Work instructions
Return nothing but the lines from the one with "A vintage continental" through the one with "The vintage glass" in the data below, word for word and without pictures.

Data to process
******************************

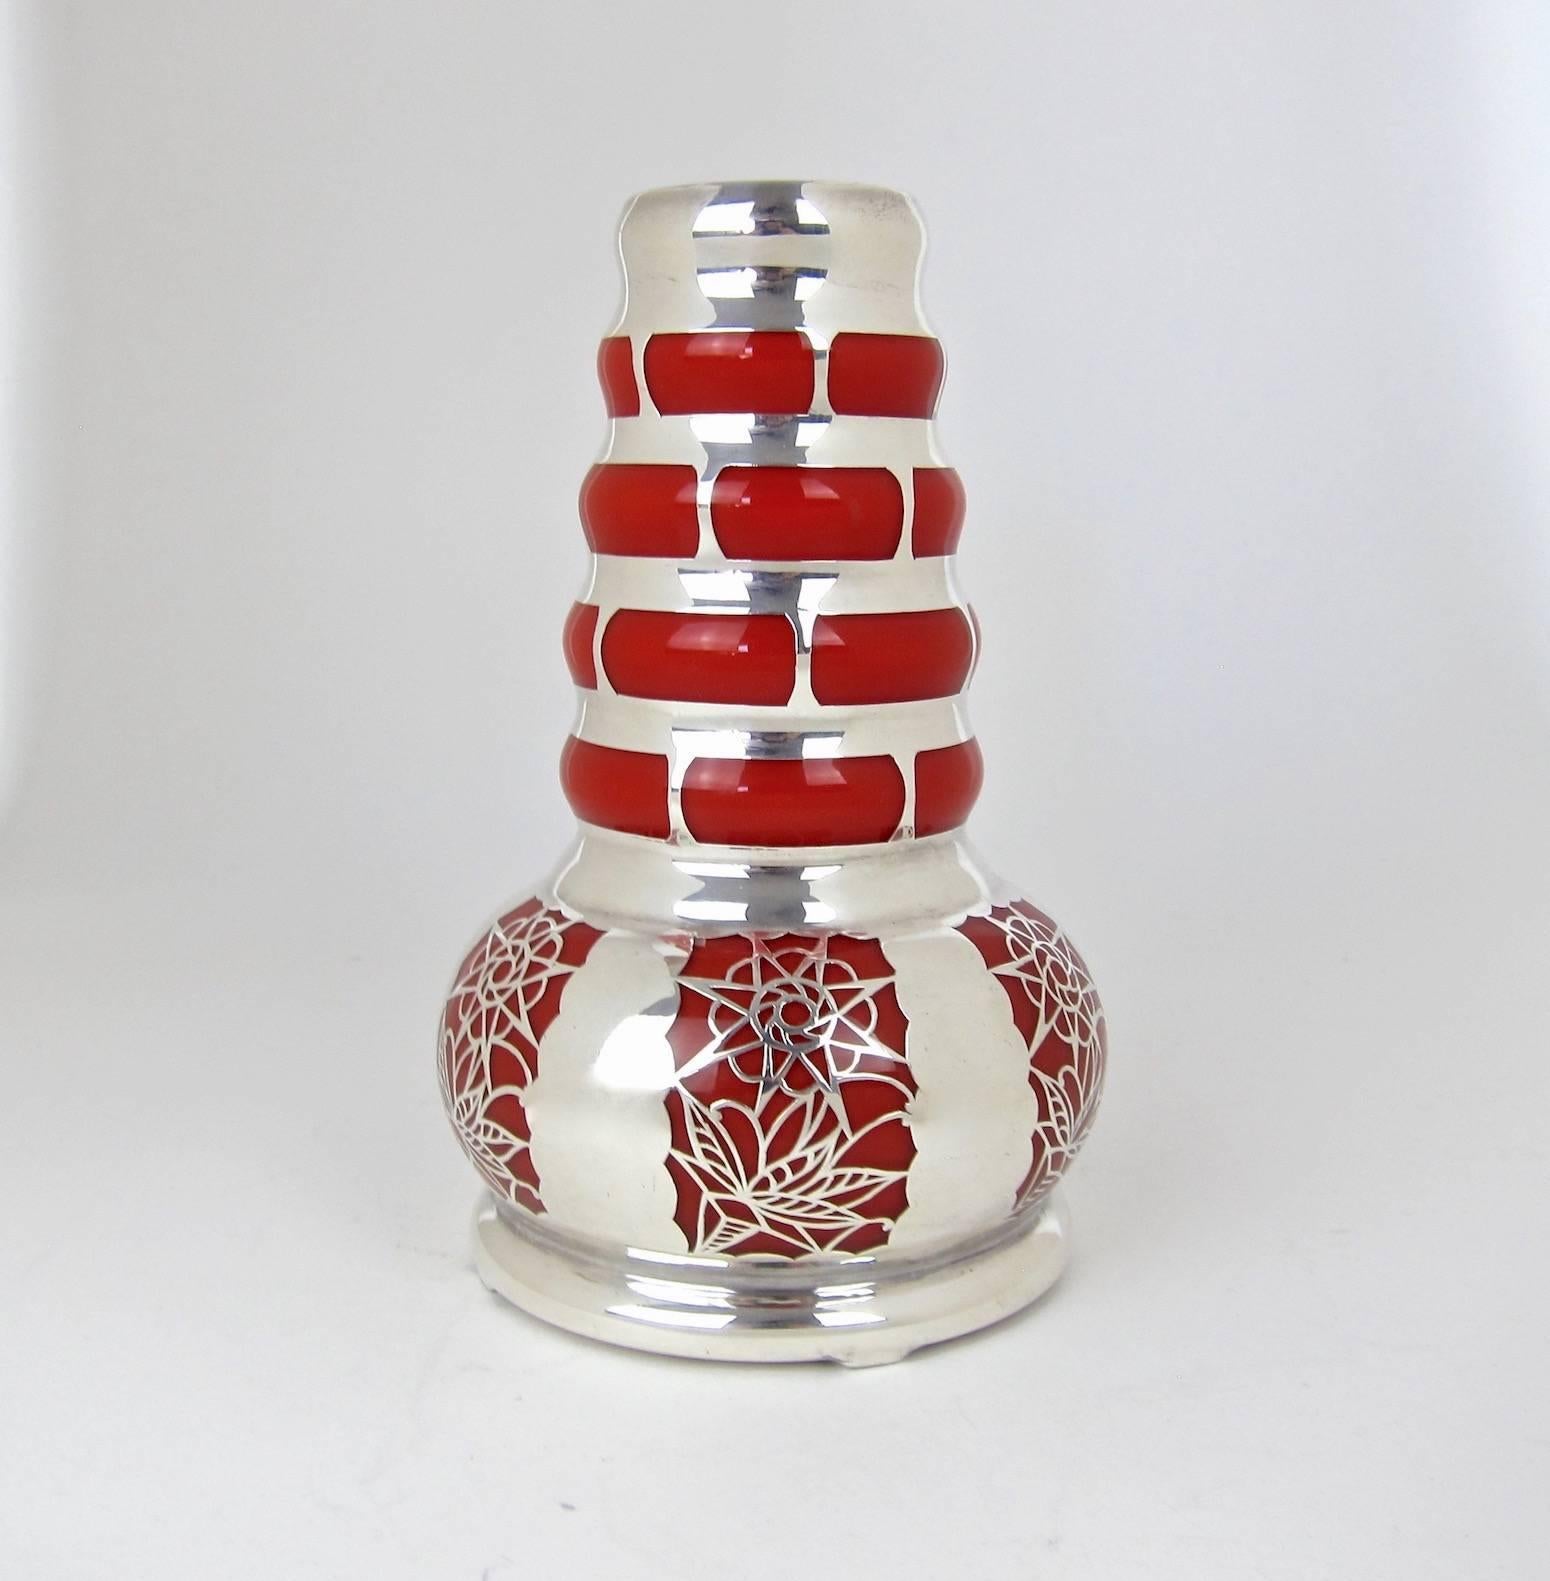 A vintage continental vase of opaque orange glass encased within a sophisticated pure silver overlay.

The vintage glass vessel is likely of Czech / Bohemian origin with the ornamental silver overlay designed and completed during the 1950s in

******************************

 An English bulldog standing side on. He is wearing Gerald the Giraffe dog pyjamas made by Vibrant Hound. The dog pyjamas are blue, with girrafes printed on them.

******************************

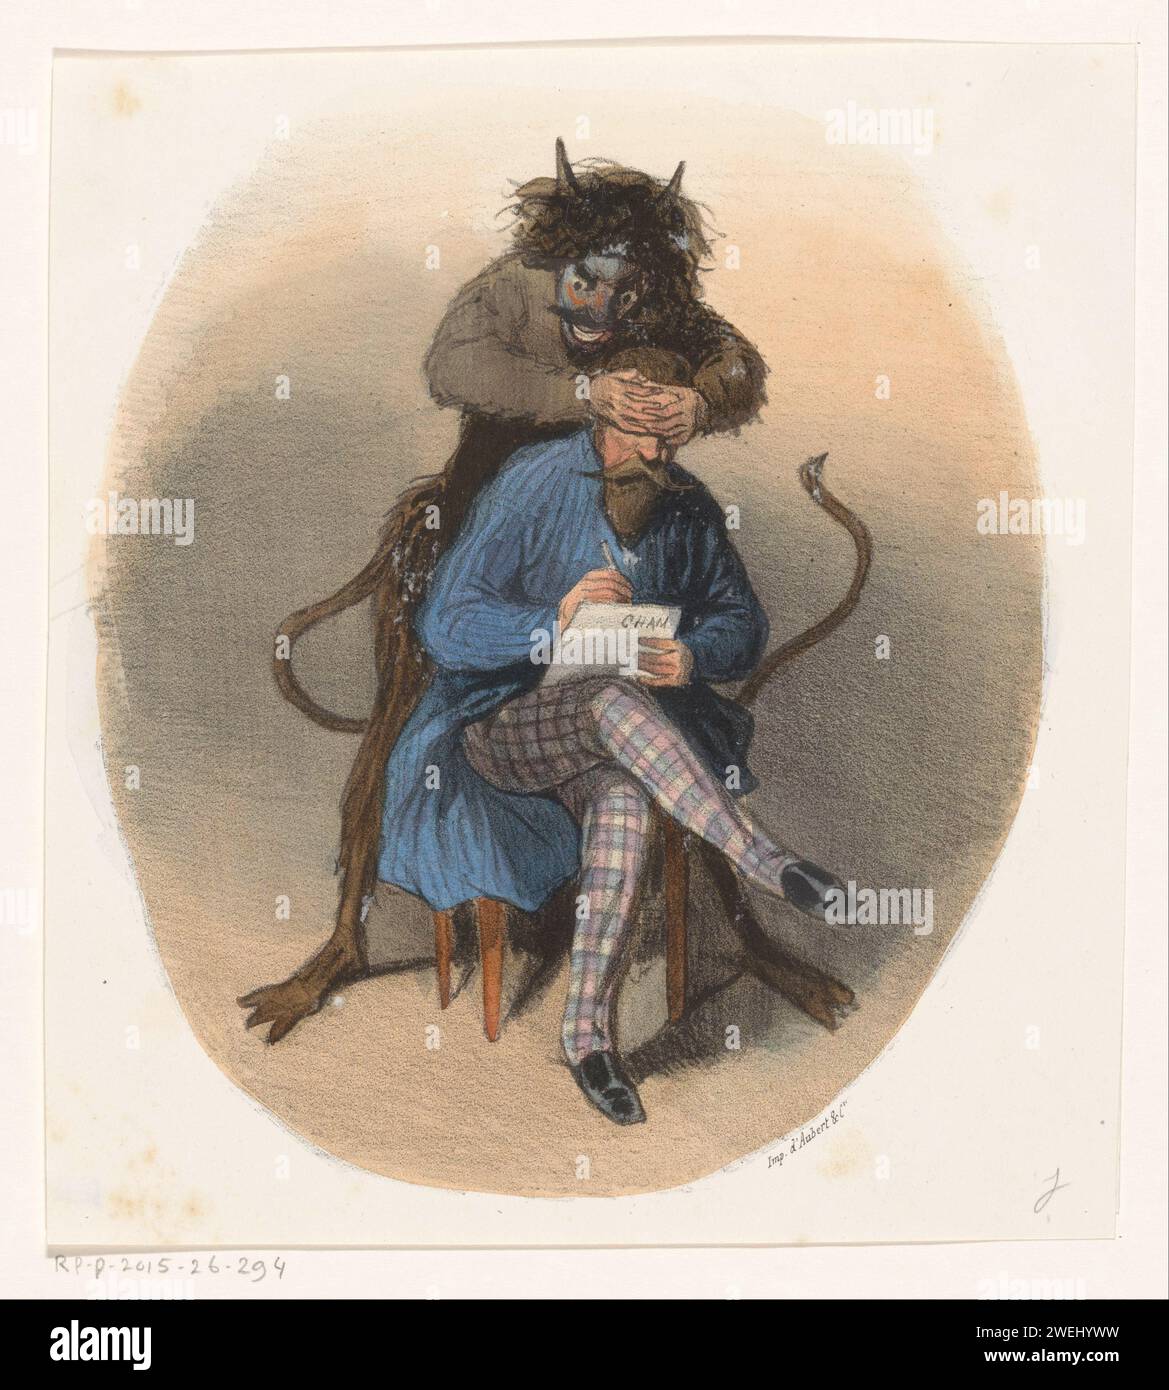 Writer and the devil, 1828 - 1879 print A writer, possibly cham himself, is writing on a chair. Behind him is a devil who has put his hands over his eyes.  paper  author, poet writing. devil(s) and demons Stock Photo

******************************

Written solution
 A vintage continental vase of opaque orange glass encased within a sophisticated pure silver overlay.

The vintage glass vessel is likely of Czech / Bohemian origin with the ornamental silver overlay designed and completed during the 1950s in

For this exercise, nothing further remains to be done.